Personal information
- Born: April 6, 1968 (age 58) Chicago, Illinois, U.S.
- Listed height: 5 ft 10 in (1.78 m)
- Listed weight: 184 lb (83 kg)

Career information
- High school: Burbank (IL) St. Laurence
- College: Notre Dame
- NFL draft: 1990: 5th round, 123rd overall pick

Career history
- Dallas Cowboys (1990–1991); Pittsburgh Steelers (1992);

Career NFL statistics
- Games played: 11
- Stats at Pro Football Reference

= Stan Smagala =

American football player (born 1968)

Stanley Adam Smagala (born April 6, 1968) is an American former professional football player who was a safety in the National Football League (NFL) for the Dallas Cowboys and Pittsburgh Steelers. He played college football for the Notre Dame Fighting Irish.

==Early life==
Smagala grew up in Chicago, Illinois, and attended St. Laurence High School, where he practiced football, wrestling and track. The summer before his senior year, he attended a football camp held by the University of Notre Dame, where he tied the camp record for the fastest 40-yard dash.

As a senior running back, he posted 140 carries for 900 rushing yards and received All-city honors. He also rushed for 300 yards and three touchdowns in a playoff game.

==College career==
Smagala accepted a football scholarship from the University of Notre Dame.
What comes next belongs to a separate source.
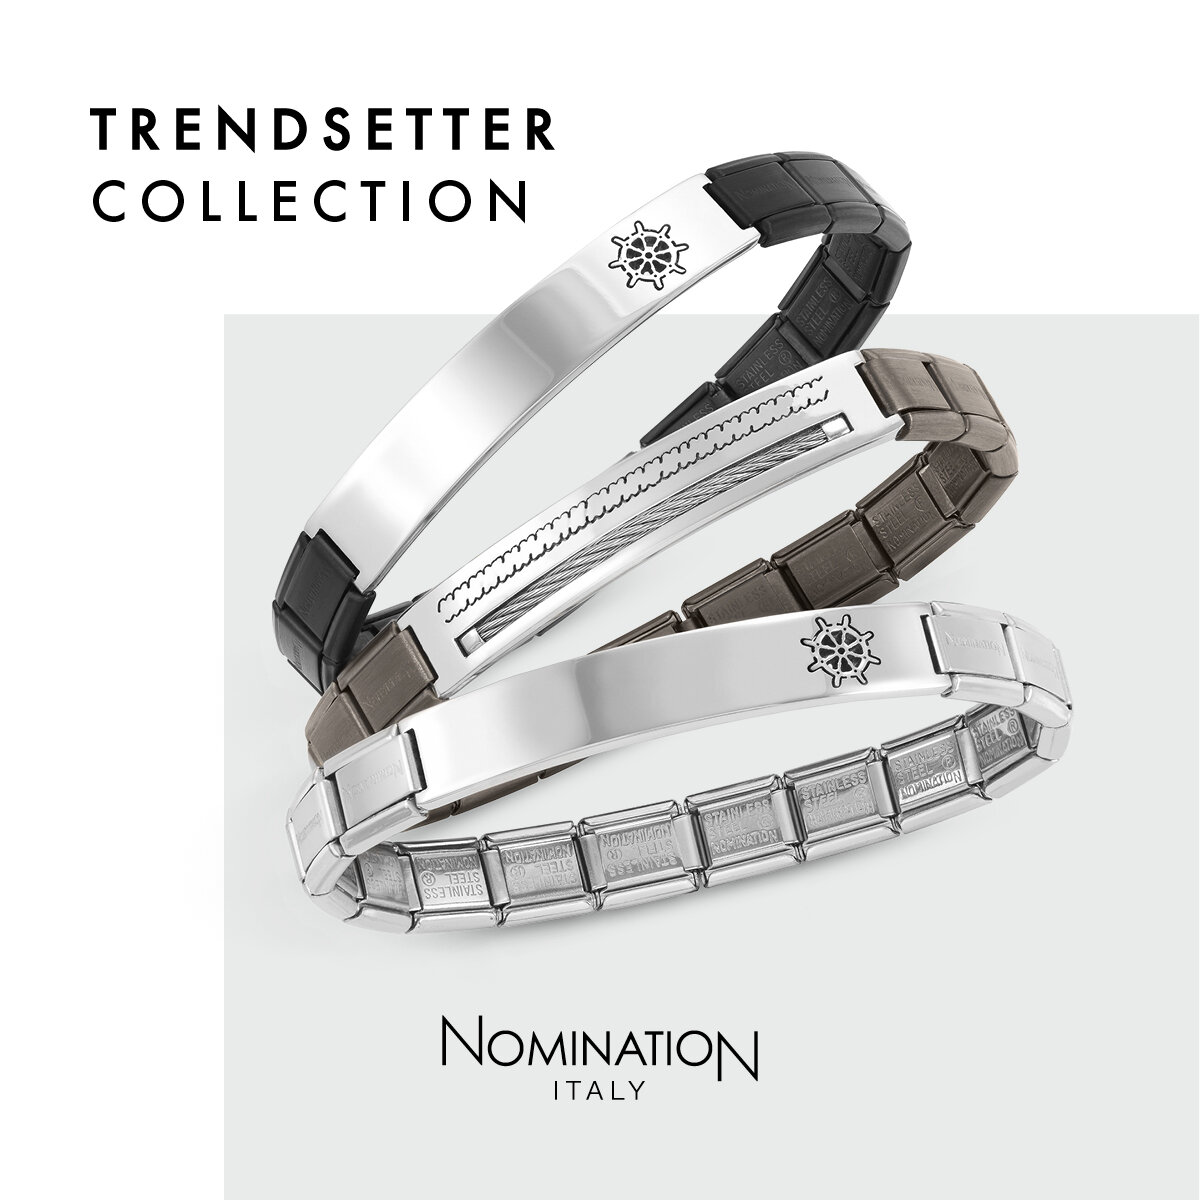 05_feb_FB_Trendsetter_Collection_For_Him_Nominationitaly.jpg

Although he had never played the position before, he was converted into a cornerback because he was considered small for a running back.
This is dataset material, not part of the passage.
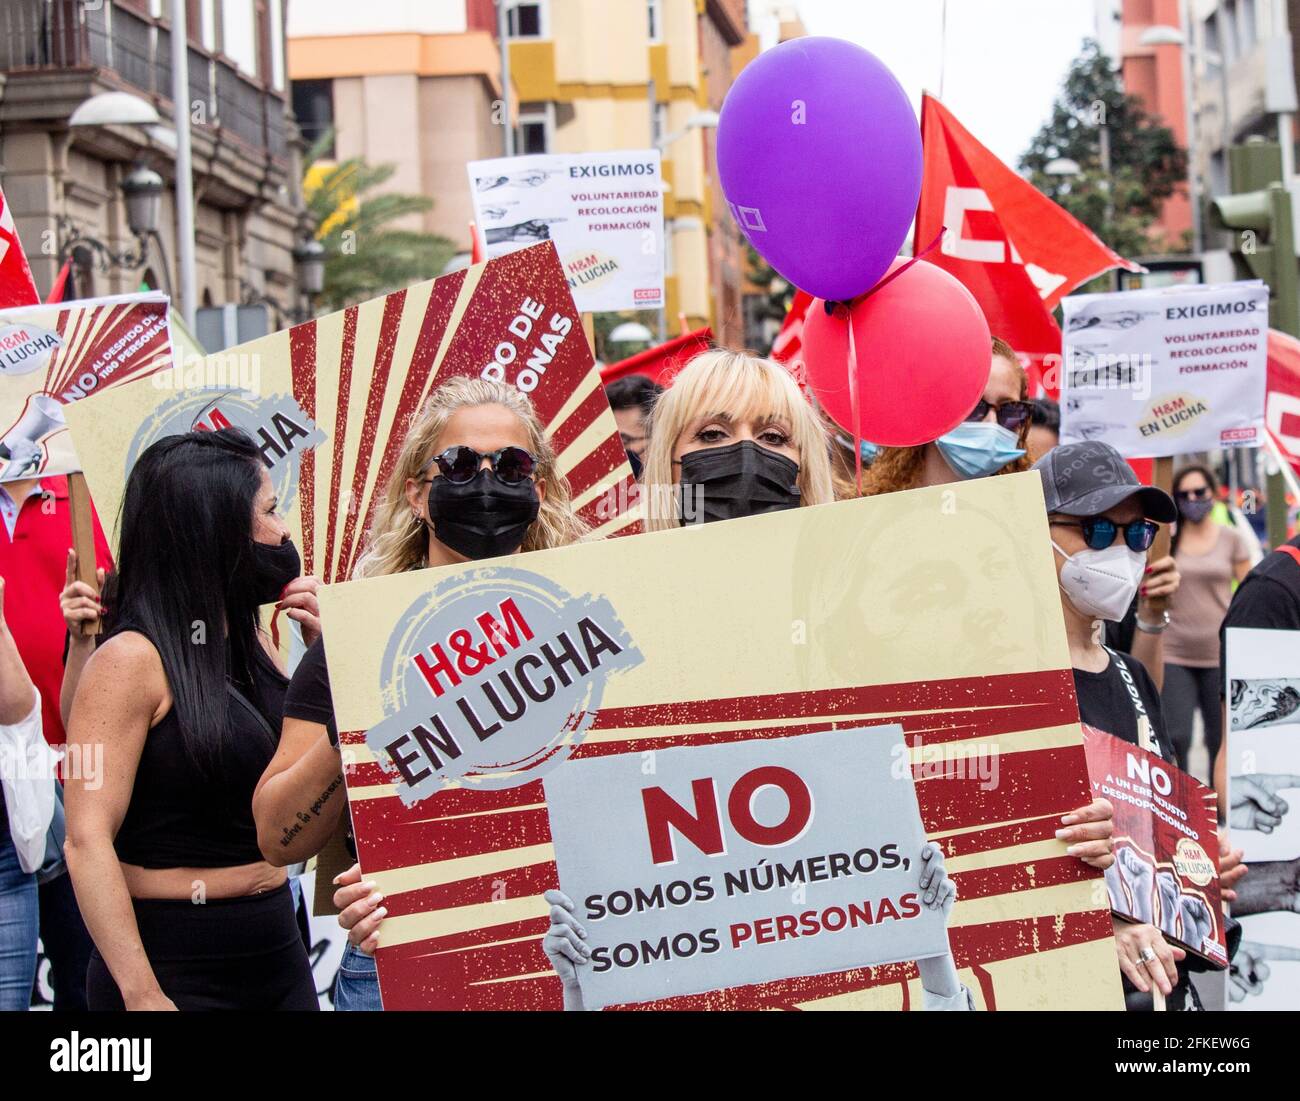 Las Palmas, Gran Canaria, Canary Islands, Spain. 1st May, 2021. Labour  day/International workers' day demonstration in Las Palmas the capital of  Gran Canaria. PICTURED: H&M store employees protest against the proposed  closure

Even though head coach Lou Holtz tried to convince him to transfer to another school, as a sophomore he was the team's second fastest player (4.35 seconds in the 40-yard dash) behind wide receiver Tim Brown and became a three-year starter at right cornerback. As a junior, he was paired at cornerback with Todd Lyght.
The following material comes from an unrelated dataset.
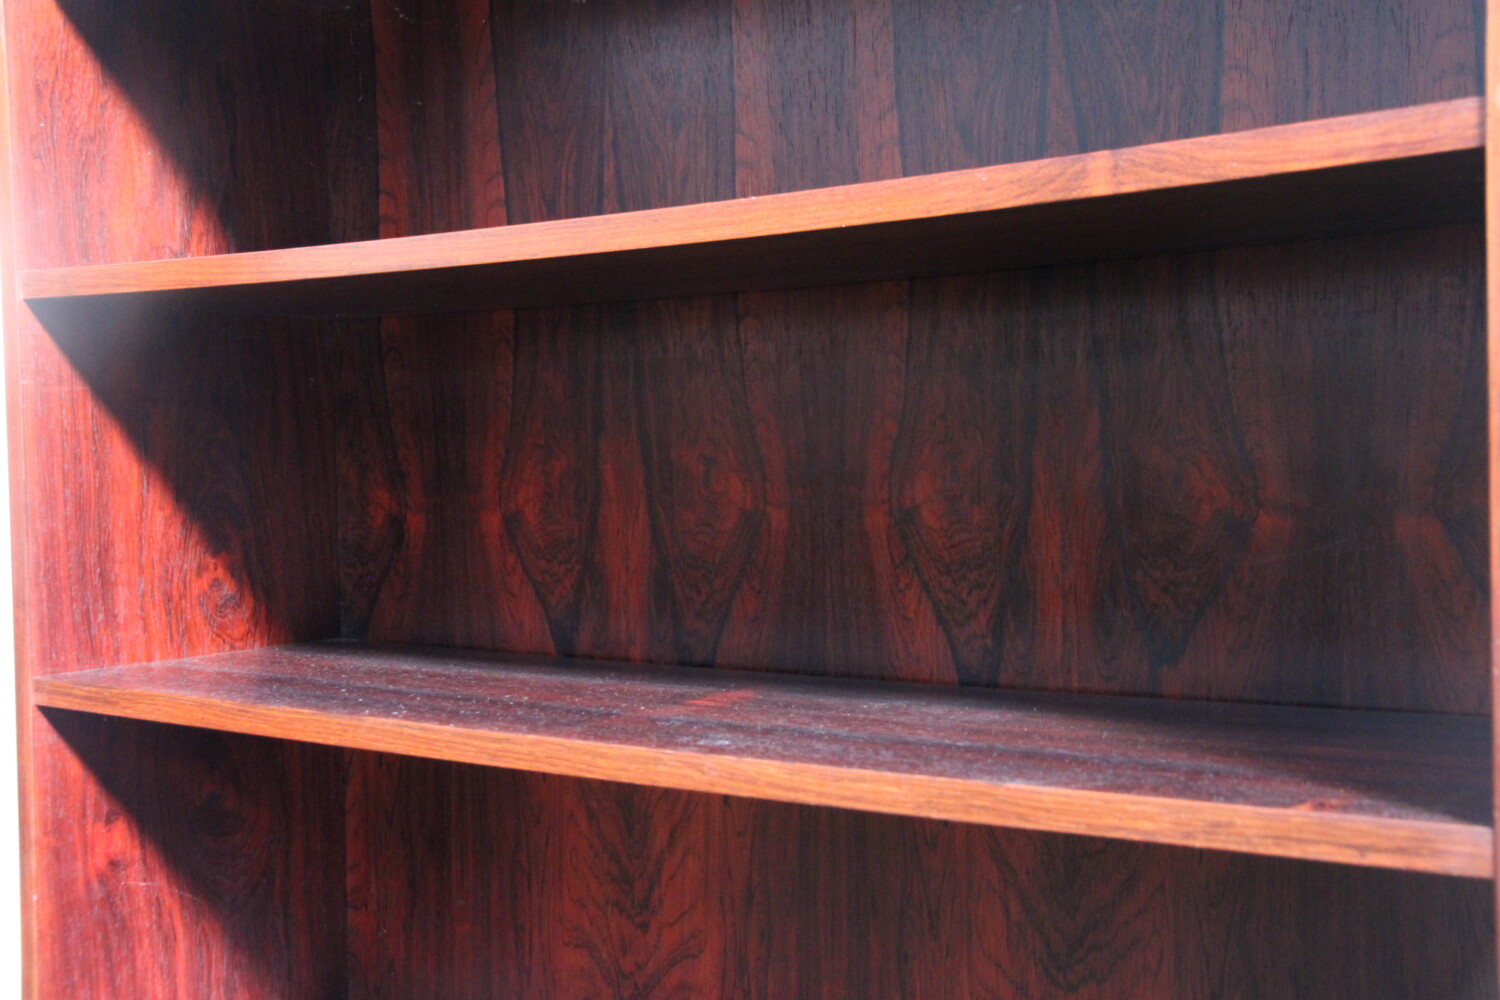 Pair of Rosewood Bookcases by Dammand & Rasmussen sold

Due to the teams Notre Dame played, Smagala was required to cover wide receivers like Andre Rison, Michael Irvin, Brian Blades, Brett Perriman, Reggie Rembert and Greg McMurtry.

His most famous play was a 64-yard interception return for a touchdown against the number 2 ranked University of Southern California in 1988. He also helped the team win a national championship and achieve a school-record 23-game winning streak.

==Professional career==

===Los Angeles Raiders===
Smagala was selected by the Los Angeles Raiders in the fifth round (123rd overall) of the 1990 NFL draft, but was immediately traded to the Dallas Cowboys in exchange for a sixth round (#158-James Williams), eighth round (#197-Arthur Jimerson), ninth round (#230-Leon Perry), tenth round (#259-Jim Szymanski) and an eleventh round (#304-Myron Jones) draft choice.

===Dallas Cowboys===
On September 23, 1990, he suffered a broken left forearm while helping force a fumble against the Washington Redskins and was placed on the injured reserve list. In that game, he also saw action at strong safety. He finished the season with 2 special teams tackles and one quarterback pressure.

He was waived on August 26, 1991. On October 17, he was re-signed to replace first-year player Donald Smith. He appeared in 8 games, playing mainly on special teams and making 8 tackles.

===Pittsburgh Steelers===
On April 2, 1992, the Pittsburgh Steelers signed Smagala as a Plan B free agent. He was placed on the injured reserve list with a knee injury on September 1. He was released on August 22, 1993.

==Personal life==
After football, he worked for a Real Estate Development company.